Posted on | July 26, 2023 | 9 Comments

Mike Magee

Last week’s New York Times headline said it all: “Drugmakers Are ‘Throwing the Kitchen Sink’ to Halt Medicare Price Negotiations.” It called to mind a story our aging legislators might sooner forget from two decades ago.

But how the nation gave away the bank to these corporate characters (which include not only pharma, but insurers, big drug distributors and PBM middle men) is a bit of medical history worth recounting.
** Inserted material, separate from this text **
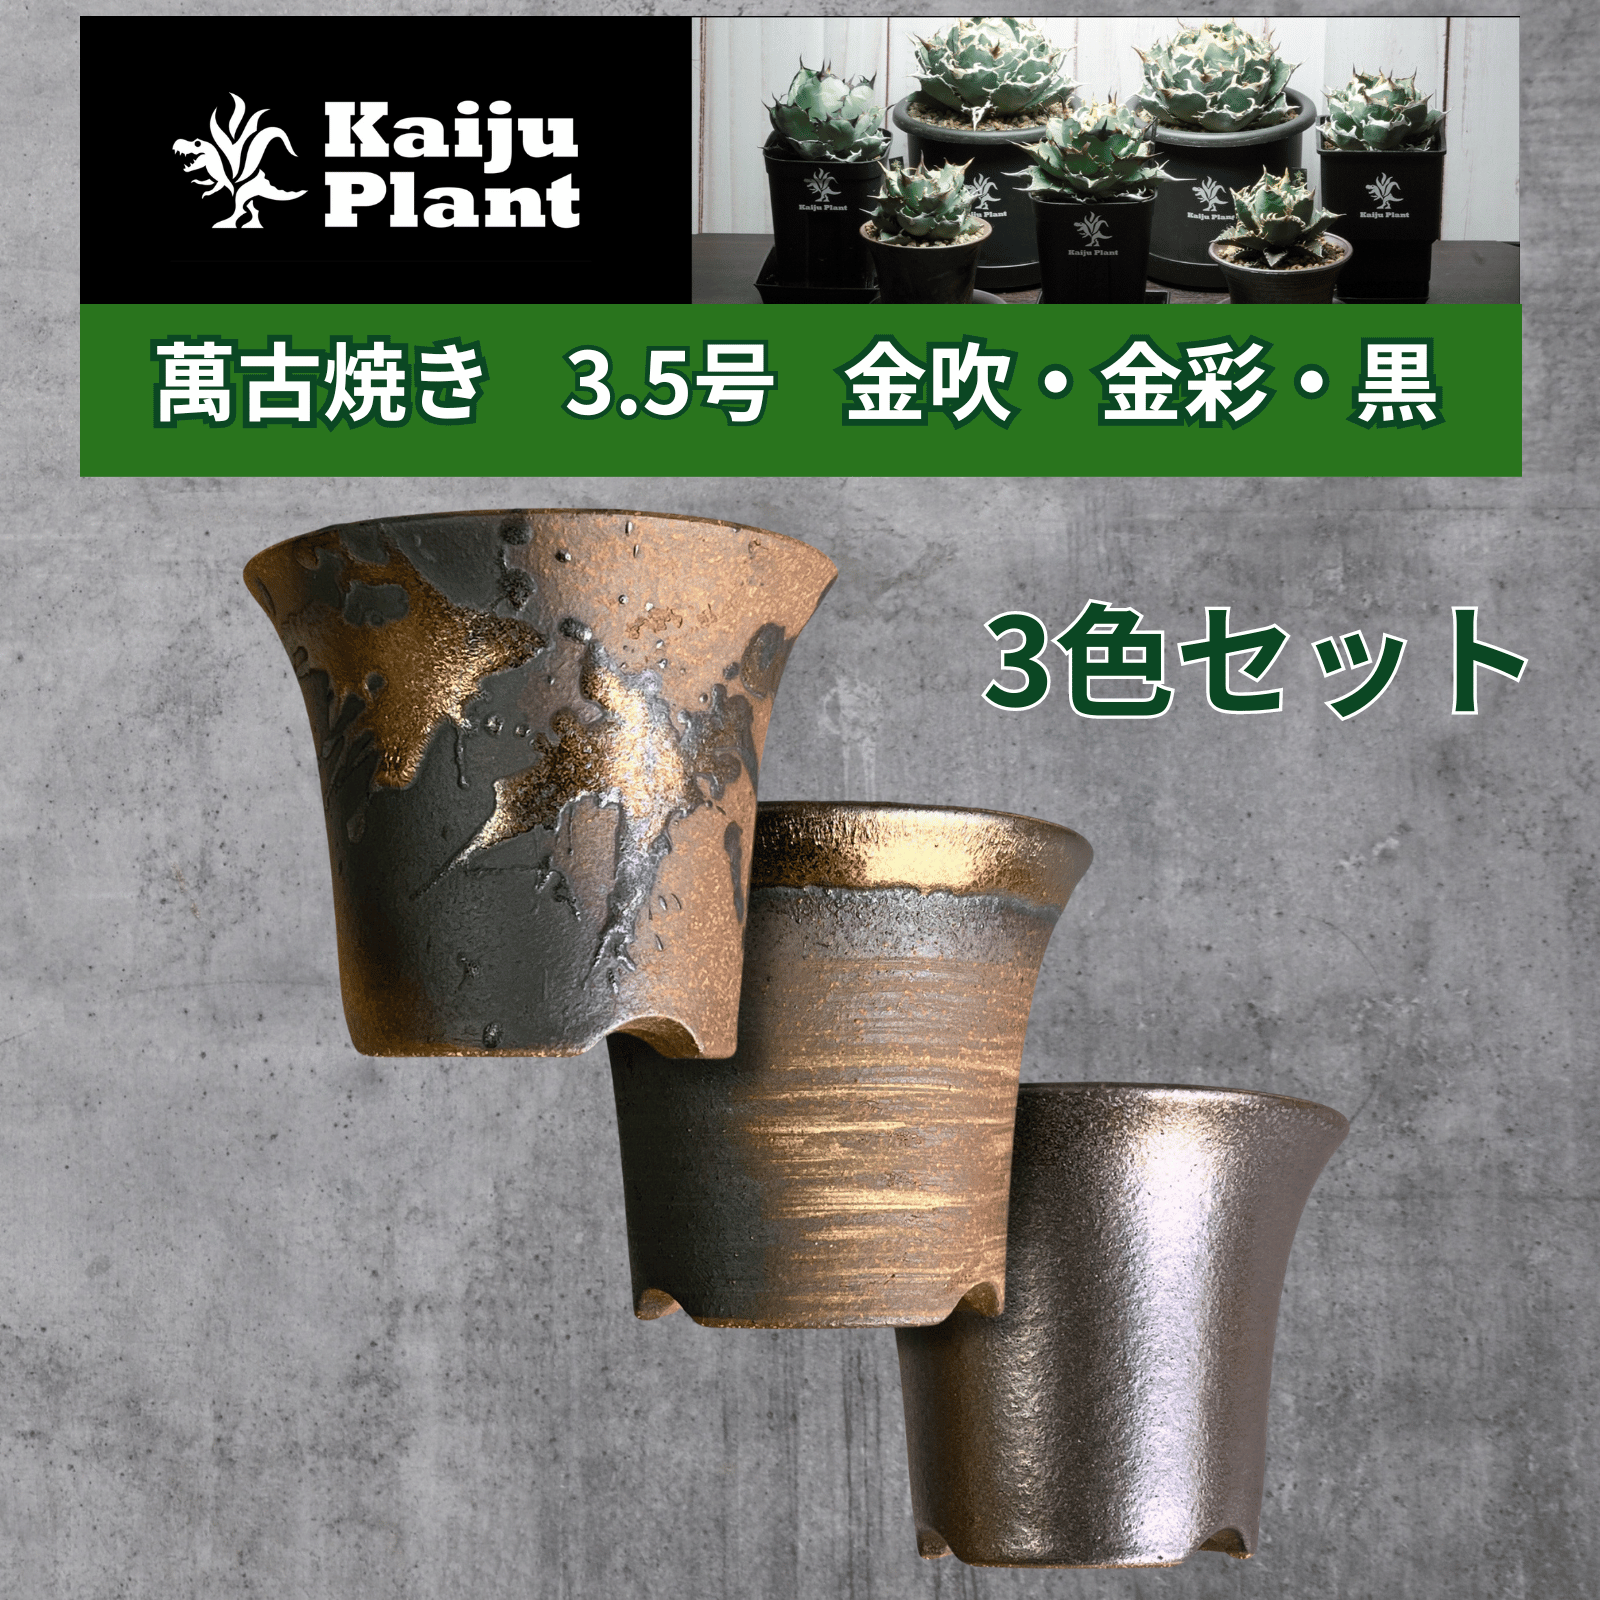 Kaiju Plant 萬古焼 3.5号 陶器鉢 ラッパ アガベ 多肉 塊根 用 金吹 金彩 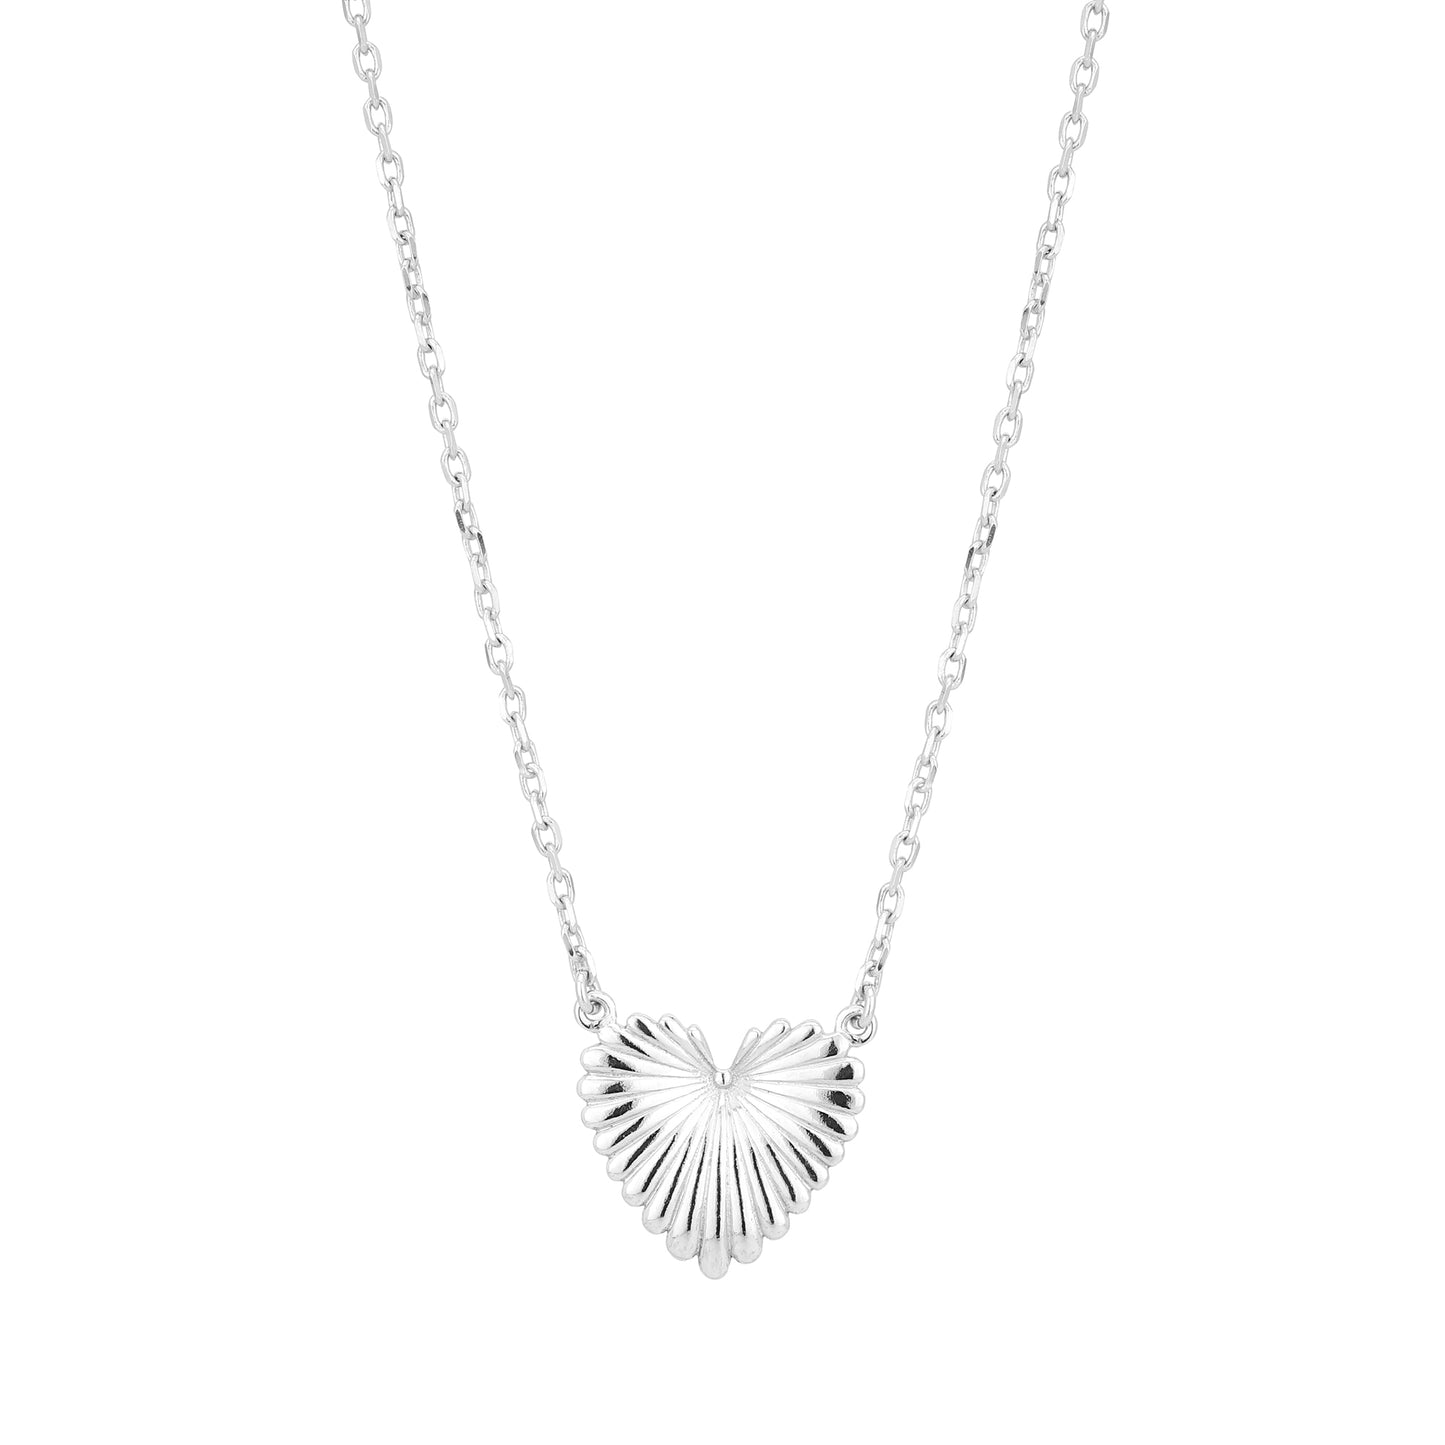 Carlton London Heart Shaped Silver Pendant Charm Necklace

The Biden administration is about to announce the first 10 medications that will be subject to price negotiations with Medicare under a new law. Drugmakers are fighting the measure in court. The action is a part of a Biden legislative victory titled the Inflation Reduction Act, which allows the government to to negotiate prices which are projected to save just under $100 billion over the next 10 years and significantly cut seniors expenditures for their prescription drugs. But to succeed, they will have to reverse history.

Let’s begin the story with the 2000 Presidential election of George W. Bush, who had courted major leaders from medicine, pharmaceuticals, hospitals, and insurers and expressed interest in privatizing the management of Medicare and Medicaid, as well as covering pharmaceutical costs for seniors over 65.

That election provided the still loosely organized MIC or “Medical-Industrial Complex” (including industry giant PhRMA, health insurers, hospitals, and the AMA) proof of concept that quietly colluding and cooperating with one another in Washington, DC, while publicly appearing to compete with one another around the country in support of patients’ interests, was a winning strategy.

After Bush’s victory, the number of MIC lobbyists grew exponentially. Pfizer government relations alone funded 82 lobbyists in 2000 to support Republican control of Congress and the White House. A year later the pharmaceutical industry as a whole spent $78 million on lobbying activities and employed 623 different lobbyists.

 In the run-up to the 2002 midterms, the GOP spent just under a billion dollars, ran 1.5 million television ads, and gained eight seats in the House. More important, in achieving a net gain of two seats in the Senate, Republicans now enjoyed a majority of 51 to 49 and controlled both houses of Congress.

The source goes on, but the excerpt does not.